First person is useful for a number of things. As I said, in video games, it allows you to see what you're shooting at. In literature, it narrows the scope of the story for the reader until the end when you get that punch in the gut that makes you see the whole story from some other character's point of view. You identify with the character. You're in touch with the action. It feels like it's about you. It creates a sense of urgency.
In the year of someone's lord, nineteen hundred and ninety eight, a breakthrough war film titled Saving Private Ryan emerged upon the silver screen. The film made waves for it's first person views during battles in WWII. It made people nauseous. It captured the urgency of battle. It made people see the horror of war up close and far too personal. It wasn't a story about glory and honour. It was a story about duty and necessity, a twist on the usual war epic.
Since then, action directors have been latching on to first person view like crack. They're addicted and there needs to be an intervention. It's destroying the quality of movies.
Exhibit A: Quantum of Solace, the new Bond picture. The film, as most action films do now, makes pretty constant use of the first person view, or at the very least, the extreme close up. In the opening sequence, Bond is being chased by some cars. I'm not sure how many cars, exactly. Only that they were black. The scene makes many frequent cuts from one angle to another, some of them less than a second long. There are some crashes and guns firing and an explosion or two. None of the shots takes more than five seconds, I'd wager, many of them very close, with a narrow field of view despite the wide screen. By the end of the scene, all I'm left knowing is that Bond has somehow survived.
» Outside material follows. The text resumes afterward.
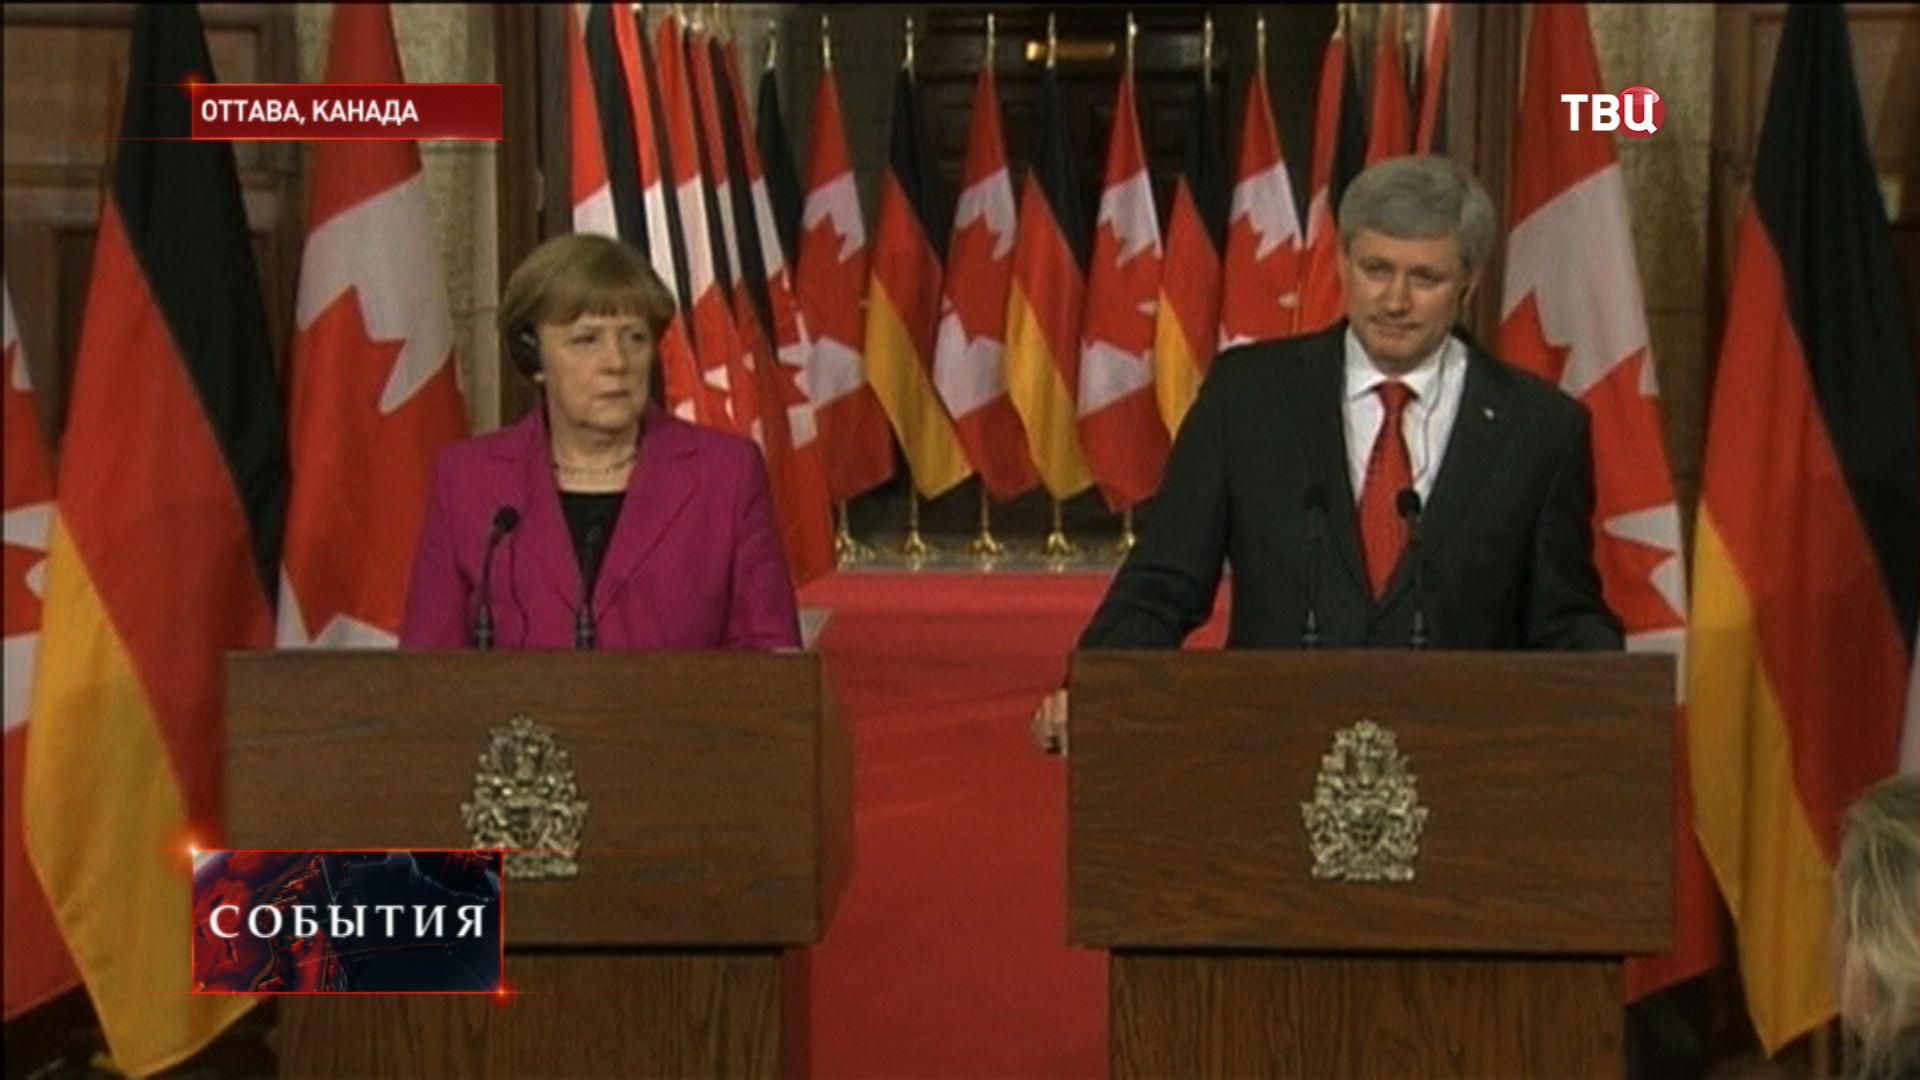 Канцлер Германии Ангела Меркель и премьер Канады Стивен Харпер

Shortly after that in the second chase scene, this time with Bond in hot pursuit, pretty much the same thing happens. There are a lot of very short shots, a close up of a hand pulling on something, flashes and crashes and flying glass coming from nowhere in particular. Interrupt that with a John Woo fight hanging from ropes for fifteen to twenty seconds. Then back to the crashing and flying and close ups of arms and guns and broken glass not doing anything in particular - or at least not doing anything in particular because we can't see what those things are attached to due to the extreme close ups and first person view. In the end, Bond kills the guy. To be perfectly honest, I'm not even sure who he was chasing as the the shots were short and close up that I never got to see the face. It's only afterward that the name is said to confirm my suspicion on that one, and that's only because I didn't know who the other character in the room was.
The movie pretty much carries on that way. Sure, there's a story that's a kind of flimsy. There are touching moments of male bonding (no pun intended). There is emotion and sympathy and empathy. There are chases on foot, in planes, in cars, in boats (a boat chase? how often does that happen in real life? You know why? Because boats are slow). There are shootouts and explosions and women and martinis. The typical Bondian fare served up with a dash of bitter darkness. All in all, it's not a bad movie. But it does suffer from that short shot close up and first person point of view. Much of the time it's impossible to tell what the hell is going on as though you're expected to just accept the mindless action on screen as being entertainment in itself.
But it's not. The action needs to serve the story. And while the action in Quantum of Solace serves to advance the plot, it doesn't serve to entertain. So my plea to Hollywood directors is simply this: bring back the wide angle shot. That good old panoramic view lets viewers see the action in all it's glory. They know which character is doing what without the need to make one second shots. They capture the scenery and a sense of scope. It is one thing to show the action. It's another to show the context in which the action happens.